* _Aim of the task_: Your answer must be the records below, printed exactly.

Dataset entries
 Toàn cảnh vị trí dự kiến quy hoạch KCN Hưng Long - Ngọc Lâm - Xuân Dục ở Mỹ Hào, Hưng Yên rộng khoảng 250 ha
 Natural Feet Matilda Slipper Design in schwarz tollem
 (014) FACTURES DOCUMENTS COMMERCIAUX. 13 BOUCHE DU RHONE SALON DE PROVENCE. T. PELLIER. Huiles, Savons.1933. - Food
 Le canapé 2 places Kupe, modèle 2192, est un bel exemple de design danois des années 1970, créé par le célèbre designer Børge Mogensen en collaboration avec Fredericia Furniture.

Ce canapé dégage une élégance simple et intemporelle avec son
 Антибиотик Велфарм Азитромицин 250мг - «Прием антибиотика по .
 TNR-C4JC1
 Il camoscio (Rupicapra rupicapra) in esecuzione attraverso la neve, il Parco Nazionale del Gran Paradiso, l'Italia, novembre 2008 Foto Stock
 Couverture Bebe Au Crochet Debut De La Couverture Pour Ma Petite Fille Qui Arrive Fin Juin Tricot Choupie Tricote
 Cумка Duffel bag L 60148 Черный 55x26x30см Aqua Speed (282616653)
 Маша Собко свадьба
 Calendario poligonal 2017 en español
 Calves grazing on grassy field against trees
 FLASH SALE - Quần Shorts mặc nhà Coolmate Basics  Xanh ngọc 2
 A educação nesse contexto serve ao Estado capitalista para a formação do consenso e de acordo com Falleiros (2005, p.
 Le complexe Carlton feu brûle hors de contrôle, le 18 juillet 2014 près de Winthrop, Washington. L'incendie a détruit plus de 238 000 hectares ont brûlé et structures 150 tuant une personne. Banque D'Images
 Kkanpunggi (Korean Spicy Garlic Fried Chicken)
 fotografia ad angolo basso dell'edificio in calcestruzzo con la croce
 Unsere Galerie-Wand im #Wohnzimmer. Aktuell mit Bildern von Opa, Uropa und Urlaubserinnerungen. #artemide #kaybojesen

* _Solution to this problem_:
 Toàn cảnh vị trí dự kiến quy hoạch KCN Hưng Long - Ngọc Lâm - Xuân Dục ở Mỹ Hào, Hưng Yên rộng khoảng 250 ha
 Natural Feet Matilda Slipper Design in schwarz tollem
 (014) FACTURES DOCUMENTS COMMERCIAUX. 13 BOUCHE DU RHONE SALON DE PROVENCE. T. PELLIER. Huiles, Savons.1933. - Food
 Le canapé 2 places Kupe, modèle 2192, est un bel exemple de design danois des années 1970, créé par le célèbre designer Børge Mogensen en collaboration avec Fredericia Furniture.

Ce canapé dégage une élégance simple et intemporelle avec son
 Антибиотик Велфарм Азитромицин 250мг - «Прием антибиотика по .
 TNR-C4JC1
 Il camoscio (Rupicapra rupicapra) in esecuzione attraverso la neve, il Parco Nazionale del Gran Paradiso, l'Italia, novembre 2008 Foto Stock
 Couverture Bebe Au Crochet Debut De La Couverture Pour Ma Petite Fille Qui Arrive Fin Juin Tricot Choupie Tricote
 Cумка Duffel bag L 60148 Черный 55x26x30см Aqua Speed (282616653)
 Маша Собко свадьба
 Calendario poligonal 2017 en español
 Calves grazing on grassy field against trees
 FLASH SALE - Quần Shorts mặc nhà Coolmate Basics  Xanh ngọc 2
 A educação nesse contexto serve ao Estado capitalista para a formação do consenso e de acordo com Falleiros (2005, p.
 Le complexe Carlton feu brûle hors de contrôle, le 18 juillet 2014 près de Winthrop, Washington. L'incendie a détruit plus de 238 000 hectares ont brûlé et structures 150 tuant une personne. Banque D'Images
 Kkanpunggi (Korean Spicy Garlic Fried Chicken)
 fotografia ad angolo basso dell'edificio in calcestruzzo con la croce
 Unsere Galerie-Wand im #Wohnzimmer. Aktuell mit Bildern von Opa, Uropa und Urlaubserinnerungen. #artemide #kaybojesen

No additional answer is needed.